• [Data for this task]

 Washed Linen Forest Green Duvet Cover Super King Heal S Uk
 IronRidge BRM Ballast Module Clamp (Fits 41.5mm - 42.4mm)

...

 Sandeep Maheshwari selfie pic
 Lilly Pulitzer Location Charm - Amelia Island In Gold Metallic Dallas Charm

• [Exercise requirements] In the entries above, the lines from the one bearing "Washed Linen Forest" up to and including the one bearing "IronRidge BRM Ballast" should be transcribed exactly; no other line is wanted.

• [Solution below]
 Washed Linen Forest Green Duvet Cover Super King Heal S Uk
 IronRidge BRM Ballast Module Clamp (Fits 41.5mm - 42.4mm)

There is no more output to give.